Reproduce the lines below exactly, from the one containing "Ian Stannard wil" through the one containing "11-17 انتهاكات الحريات", both included. Leave out any pictures.

■ Information provided ■
[Start of Attachment]
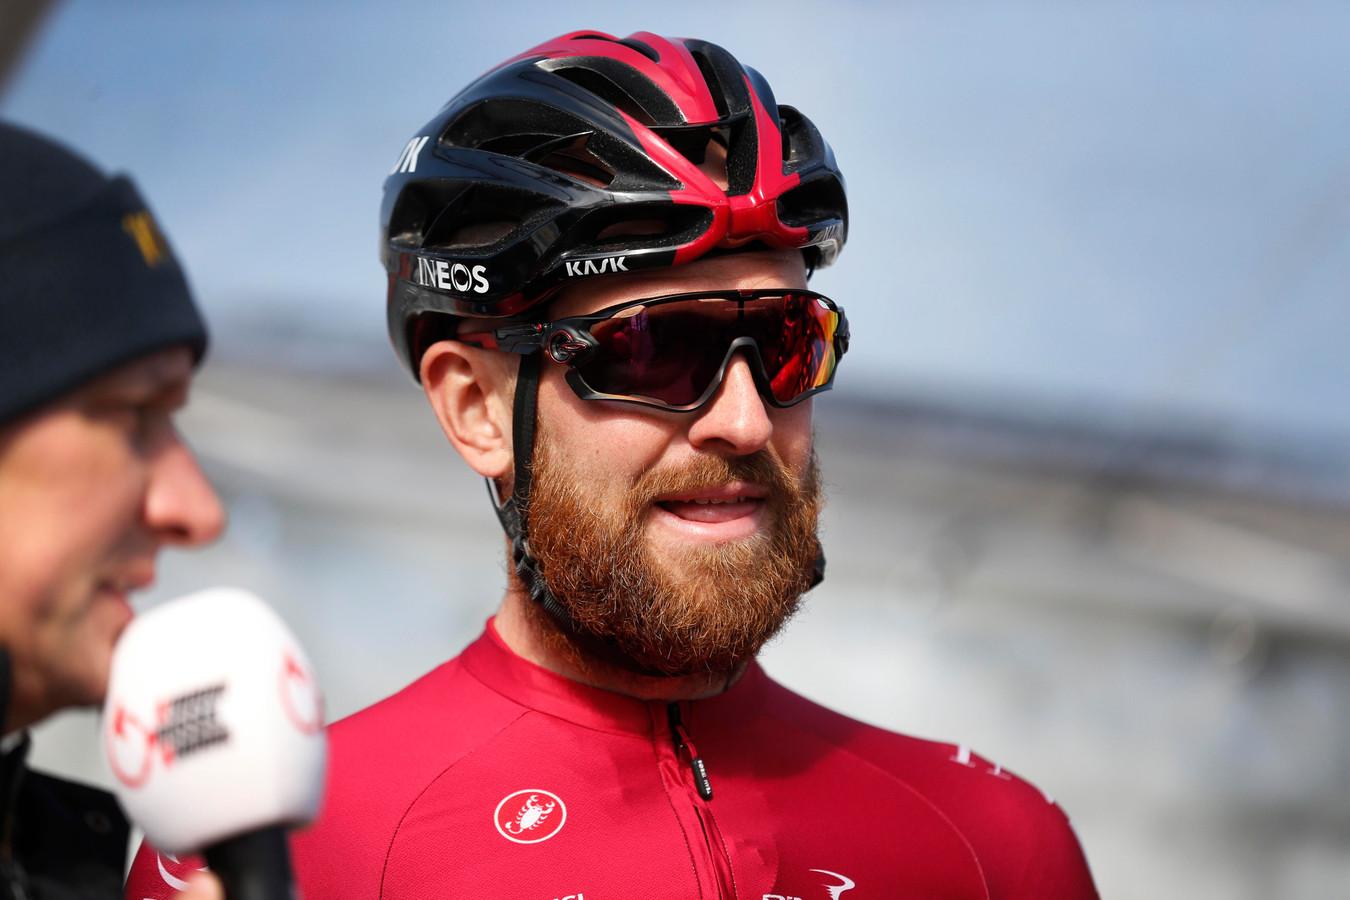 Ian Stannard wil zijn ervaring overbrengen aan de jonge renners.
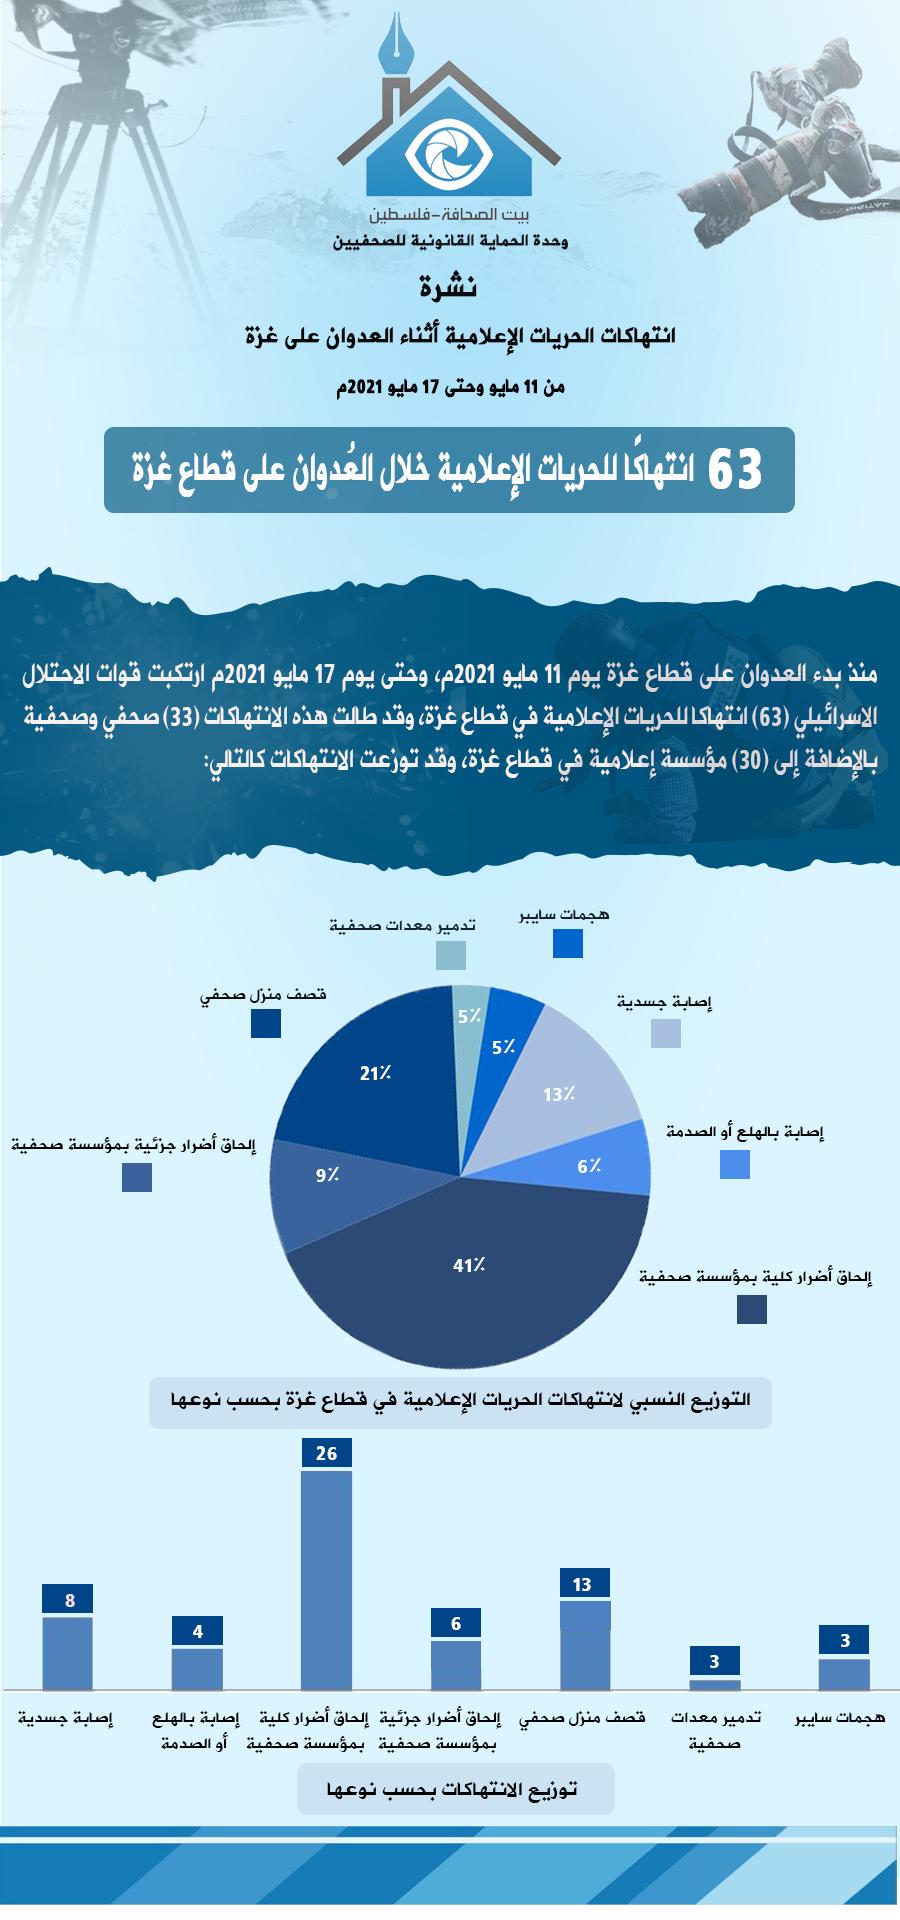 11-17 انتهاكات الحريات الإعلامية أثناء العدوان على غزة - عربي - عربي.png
[End of Attachment]
[Start of Attachment]
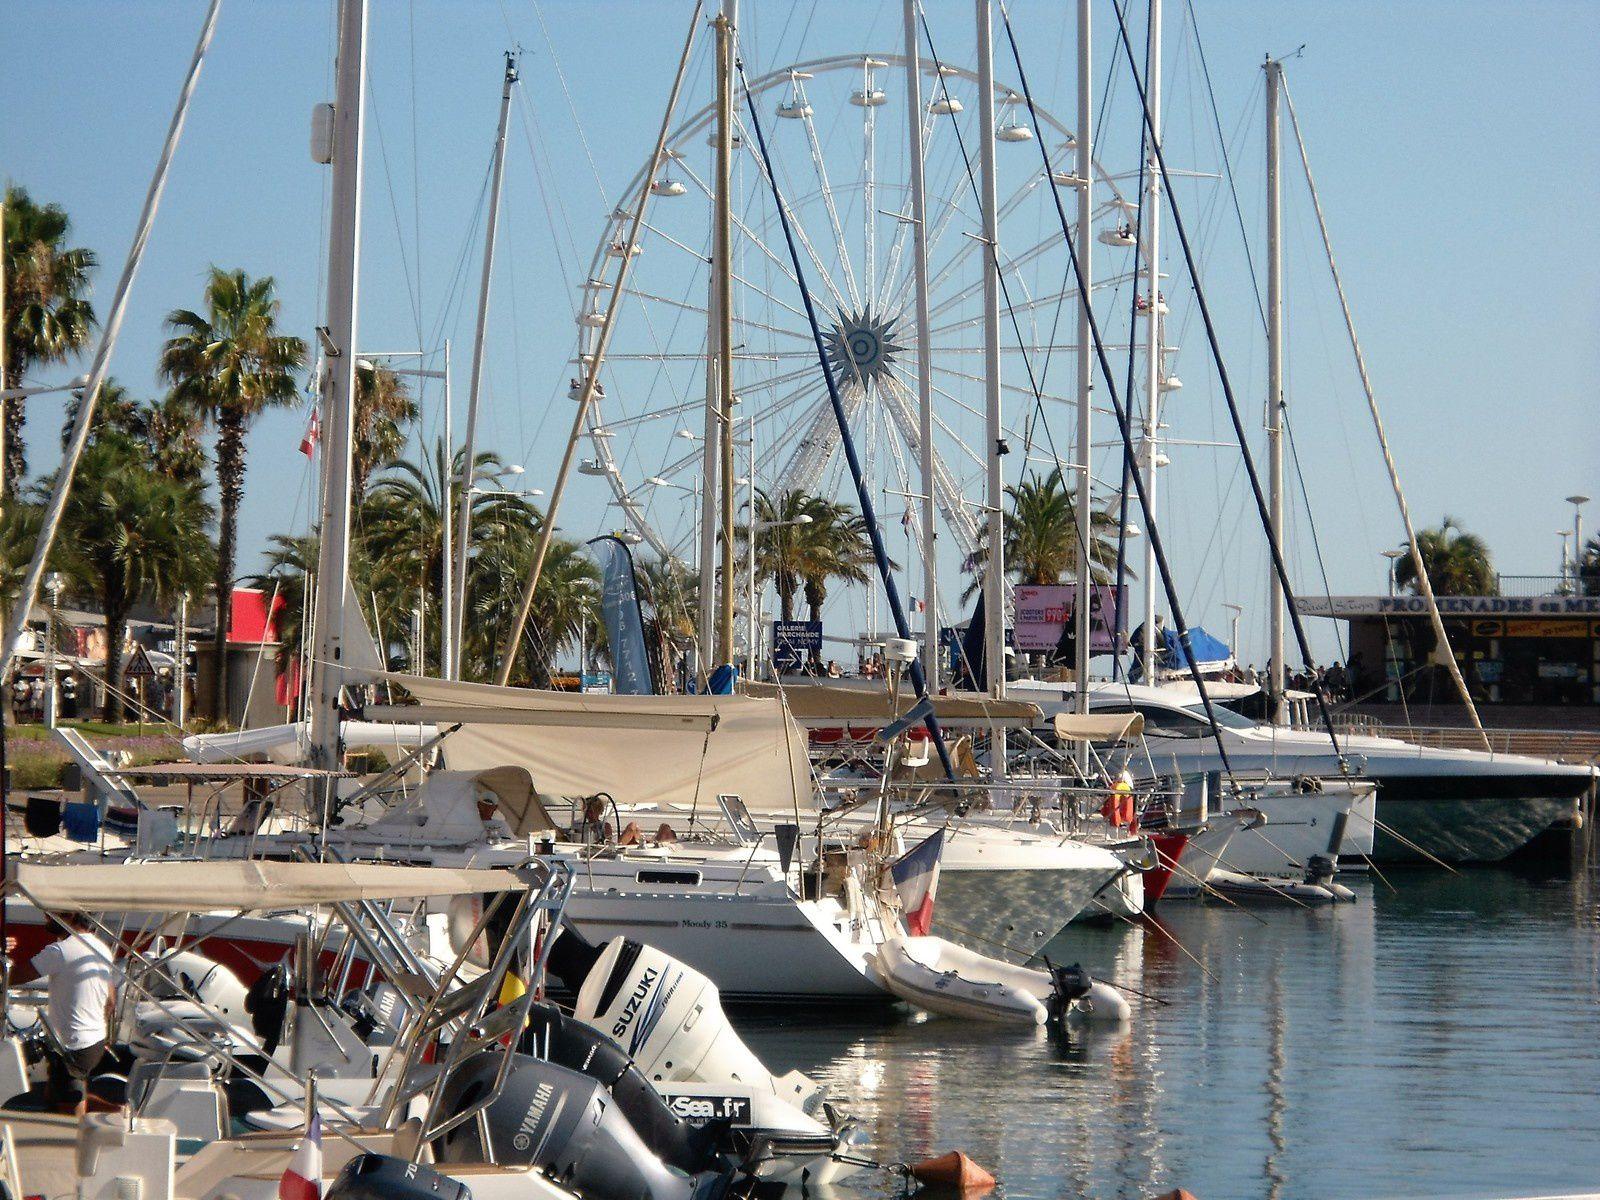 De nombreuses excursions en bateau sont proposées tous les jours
[End of Attachment]
■ Answer below ■
 Ian Stannard wil zijn ervaring overbrengen aan de jonge renners.
 11-17 انتهاكات الحريات الإعلامية أثناء العدوان على غزة - عربي - عربي.png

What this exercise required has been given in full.